The Livability of Christianity
Ed. Note: This article is excerpted and slightly modified from our series “Does God Exist?
Dr. John Ankerberg: Yes. How does biblical Christianity challenge the worldview of modern man?
Dr. William Lane Craig: In light of the “unlivability” of atheism, it seems to me, John, that we need to go back to square one and say, “Wait a minute. How do we know that God does not exist?” If God does exist, then there is an objective basis for meaning, value and purpose in life. And therefore I think this should motivate us to examine anew the evidences and arguments for the existence of God and truth of Christianity; because if there is good reason that God exists, that gives us a framework within which we can live consistently and happily.
Ankerberg: You have said that “biblical Christianity provides the two conditions necessary for meaningful, valuable and purposeful life: God and immortality.” Explain that.
Craig: That’s exactly right, John. On biblical Christianity, God does exist and life does not end at the grave. The meaning of life is to be found in a personal relationship with God which lasts forever into eternity. The values of life are rooted in the nature of God Himself, who is by nature loving, just, kind, generous, faithful and so forth, so that we can affirm the objectivity of moral values and duties. And finally, there is an objective purpose for life: God has created us for Himself. Our end is to be found in the knowledge of God. This is the fulfillment of human existence, to know God and His love forever. So unlike atheism, biblical Christianity furnishes the necessary conditions for a consistent and happy life—God and immortality—which give us meaning, value and purpose.

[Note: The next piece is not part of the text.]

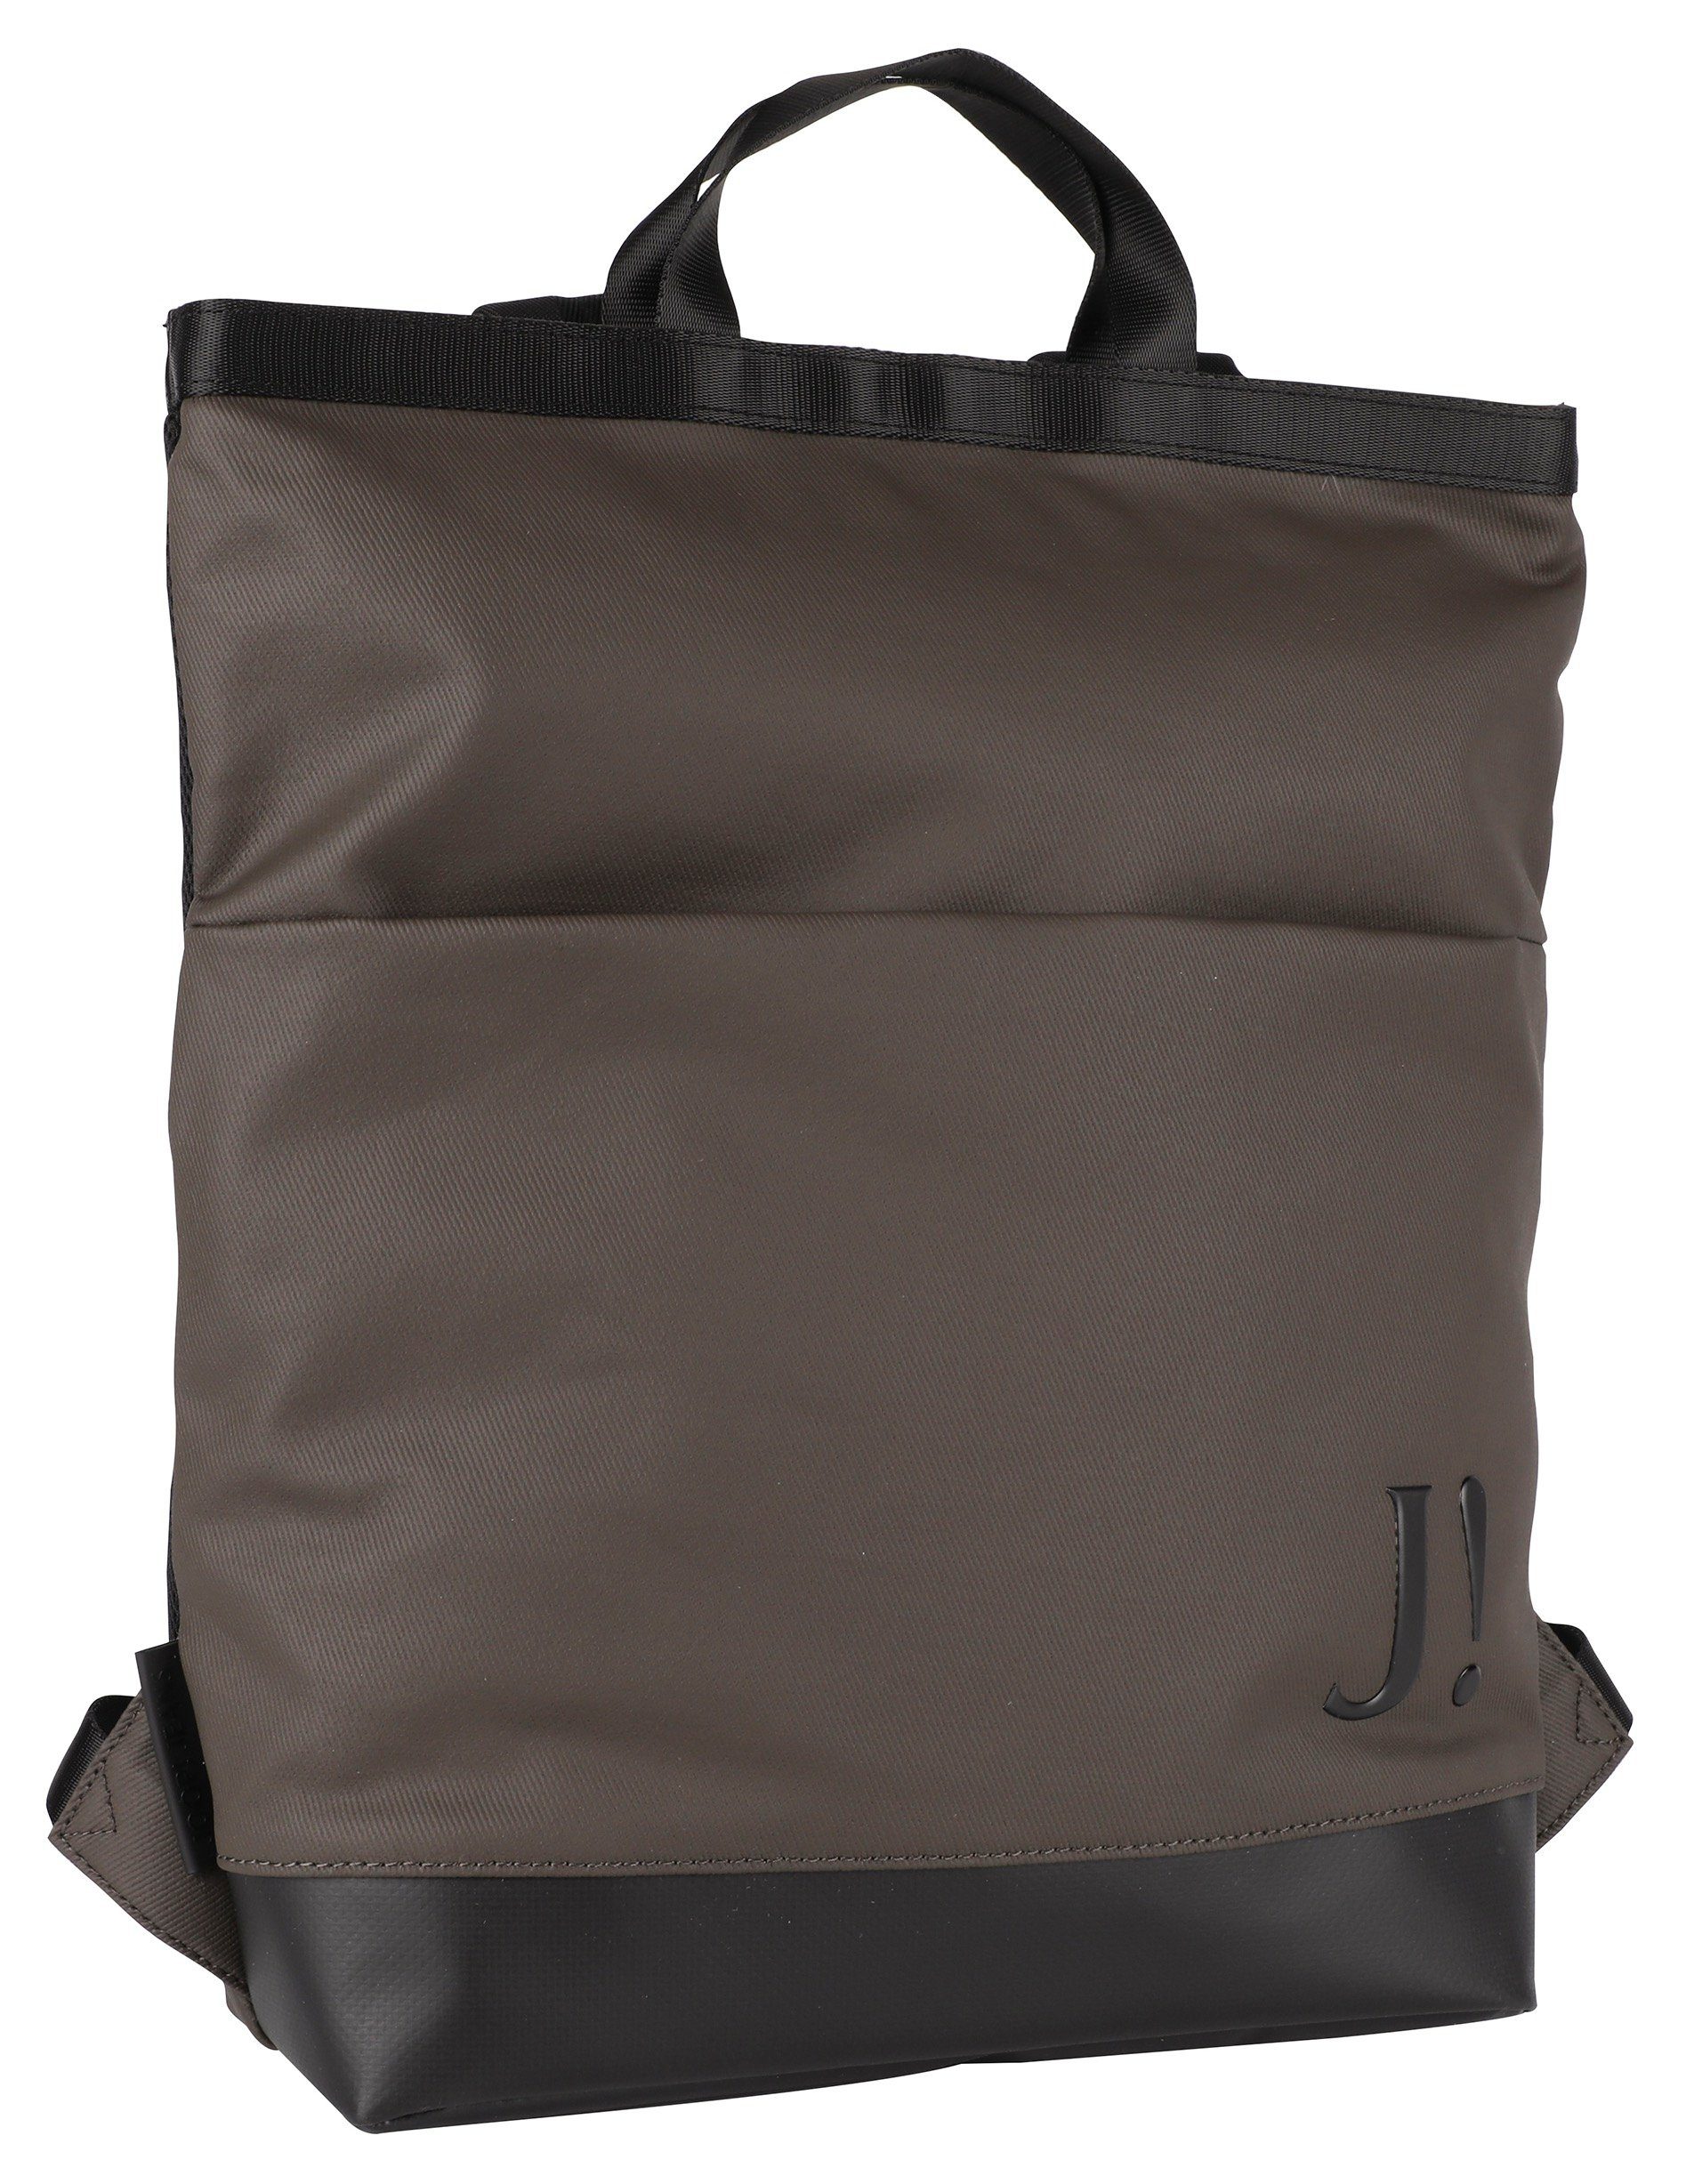 Jeans Cityrucksack falk backpack gepolstertem Joop mvz, olivgrün marcena Rücken mit

Ankerberg: This is not just academic for you. You’ve actually experienced what you’re talking about. Take us back to the time when you were not a Christian and you started thinking about these things.

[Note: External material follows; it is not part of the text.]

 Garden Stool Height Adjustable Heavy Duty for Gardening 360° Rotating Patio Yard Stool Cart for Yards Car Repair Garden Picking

Craig: Yes. I was not raised in a Christian family, though it was a good and loving family. But I experienced the despair and the blackness that I’ve talked about and that I later read in the French existentialist philosophers. As I looked out at life and my own existence, I thought, what is the meaning of my existence? I was aware that everything was doomed ultimately to extinction, and I could see no meaning or purpose for my existence or the existence of anything else. And this filled me with a deep despair and blackness. And I don’t know if you understand what this is like, but it makes every day miserable; another day to get through.
And I remember one day I was feeling particularly crummy. I walked into my high school German class, and I sat down behind a girl who was one of these types that is always so happy it just makes you sick. And I tapped her on the shoulder and said, “What are you always so happy about anyway?” And she said, “It’s because I know Jesus Christ as my personal Savior.” And I said, “Well, I go to church.” And she said, “That’s not enough, Bill. You’ve got to have Him really living in your heart.” And I said, “Well, what would He want to do a thing like that for?” And she said, “Because He loves you, Bill.”
And that just hit me like a ton of bricks. Here I was, so filled with despair and anger, and she said there was someone who really loved me. And who was it but the God of the universe! And that thought just staggered me. To think that the God of the universe could love me, that worm named Bill Craig down there on that speck of dust called the planet earth.
And so I went home that night and picked up a New Testament that had been given to me, and I began to read it. And as I read the Gospels, I was absolutely captivated by the person of Jesus of Nazareth. There was wisdom about this man’s teaching that I had never encountered before, and there was an authenticity about His life that was simply undeniable.
Well, to make a long story short, I went through about six months of the most intense and agonizing soul searching I’ve ever gone through, until finally I just came to the end of my rope. And one night I cried out to God, and I cried out all the anger and the bitterness that had been building up inside of me. And as I did so I felt this tremendous infusion of joy like a balloon being blown up until it was ready to burst. And I rushed outdoors. It was a warm Midwestern summer evening, and you could see the Milky Way from horizon to horizon. And as I looked up at the stars I thought, “God! I’ve come to know God!” And that moment just changed my whole life. I knew that I could not do anything less than spend the rest of my entire life sharing this good news with mankind. Because if this is the truth, if it’s really the truth, this is the greatest news ever announced.